I meet a lot of people that were young adults in the 1980’s that absolutely can not stand huge 80’s perfumes like Dior Poison or Giorgio Beverly Hills. I totally understand. They spent a decade+ gagging on syrupy plums and powdery tuberoses. Those huge fragrances were in every office, school, bus stop, restaurant, etc. Their reaction to these are like my reaction to many aquatic florals. For years, I could not stand aquatics like Calvin Klein Escape or Issey Miyake L’Eau D’Issey or a fruity floral like Tommy Hilfiger Tommy Girl. These were the perfumes that I gagged on. Teenagers basically bathed in them. You couldn’t go to a mall or a restaurant without gagging on some aggressively clean watermelon juice. It took me decades to recover from my 90’s aquatic floral trauma. These days, I actually love a lot of the Nouveau-Aquatics and clean, green florals. I truly believe that absence really does make the heart grow fonder.
Eau de Source is an aquatic floral. It opens with a sharp green mint and cold geranium leaf. Both are very garden-like. It’s a wave of freshness that by the time it hits the shore,it is a huge lily-of-the-valley. It’s like a heady, green jasmine with waterlilies. There’s an aquatic accord that is almost like fresh watermelon. As it dries down, it’s a white musk and chlorine pool. The heady, aquatic florals are always present.

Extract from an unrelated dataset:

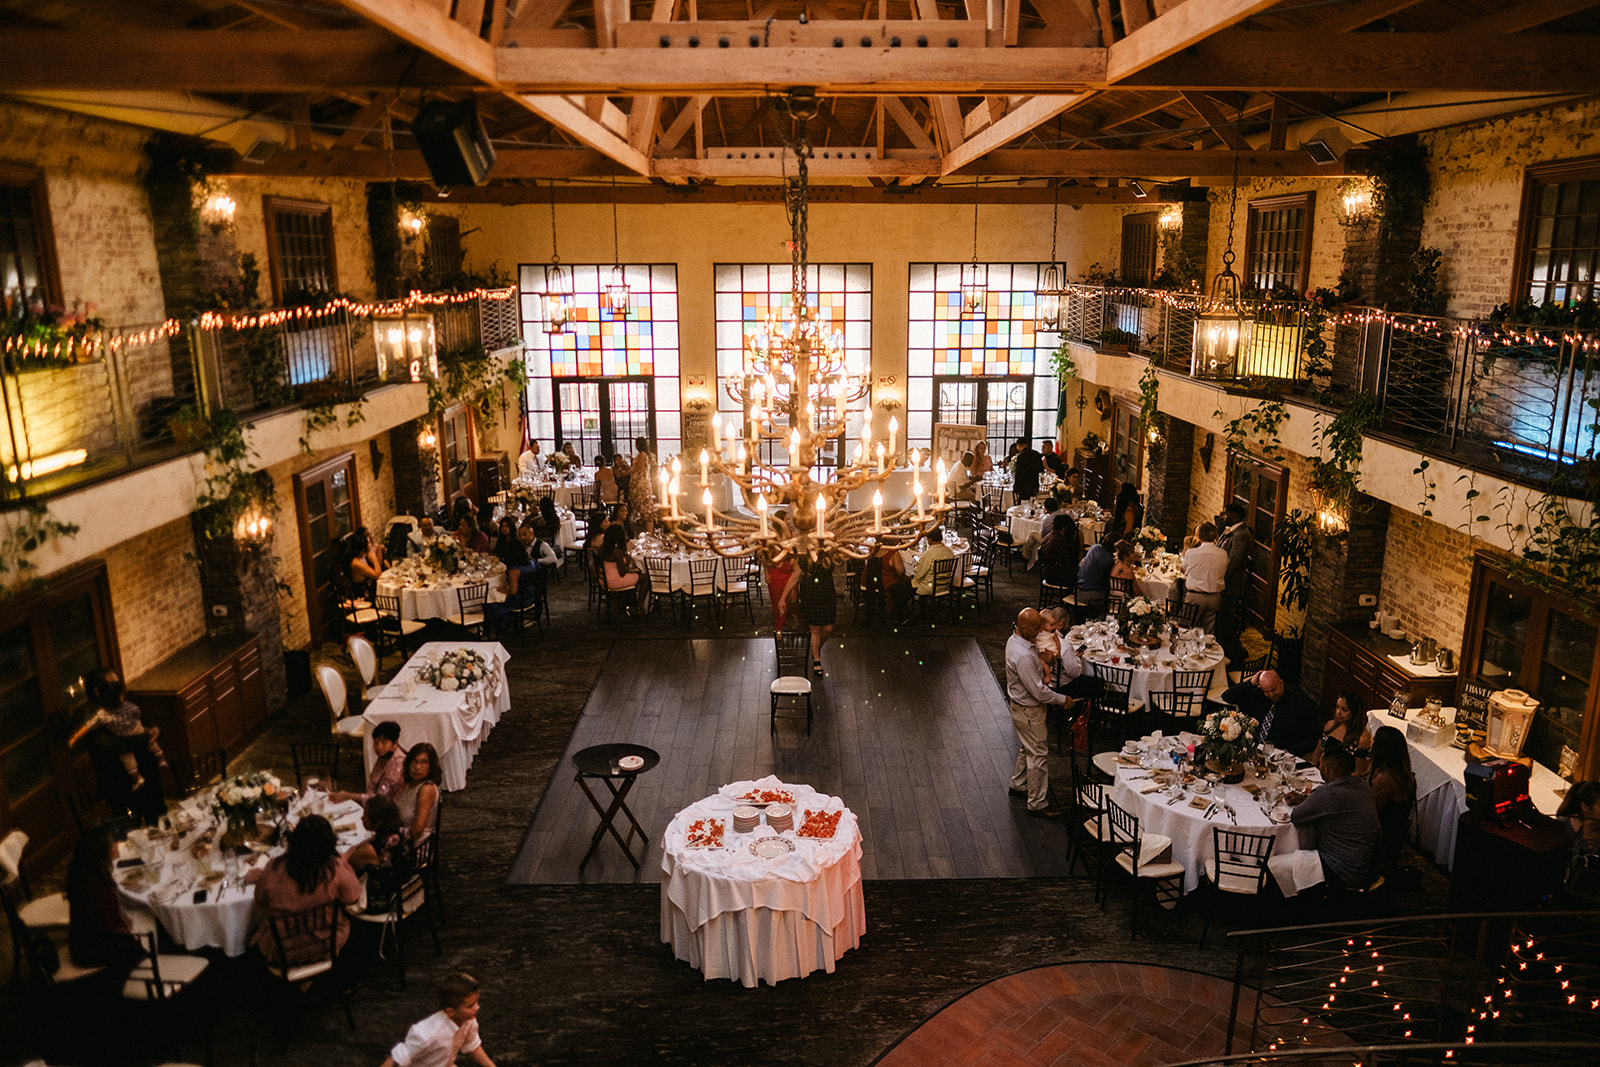 Palos Verdes Golf Course Wedding - Michael's Tuscany Room - San Pedro - Reception

When I talk about Eau de Source, I know it sounds like something like L’Eau D’Issey. And it absolutely is. It’s a cool aquatic floral with a lot of clean musk. It’s one of those “flowers meets water” fragrances. The biggest difference to me is that this one smells like an “upgrade”. It’s more restrained and doesn’t give me a headache like L’Eau D’Issey always did. When the weather gets hot and humid, I like something that smells clean and soapy. It’s taken me decades to “get” the appeal, but now I do.¹
Notes listed include mint, grapefruit, geranium, cyclamen, rose, lily-of-the-valley, jasmine, cedar and white musk. Launched in 2015. PERFUMER – Sophie Chabaud
Give Eau de Source a try if you like cool florals. Or perfumes like Issey Miyake L’eau d’Issey, Calvin Klein Escape, Yves Rocher Ming Shu, Elizabeth Arden Sunflowers, Yardley Lily of the Valley, Raw Spirit Mystic Pearl and/or Penhaligon’s Lily of the Valley. I know I’ve compared it to some designer stuff, but it’s more like “an upgrade” from those.
This is an EDT and wears like one. Projection and longevity are below average in comparison to an EDP.
The 3.4 oz retails for $105 at Osswald. This niche perfume is actually cheaper than the designer Issey Miyake.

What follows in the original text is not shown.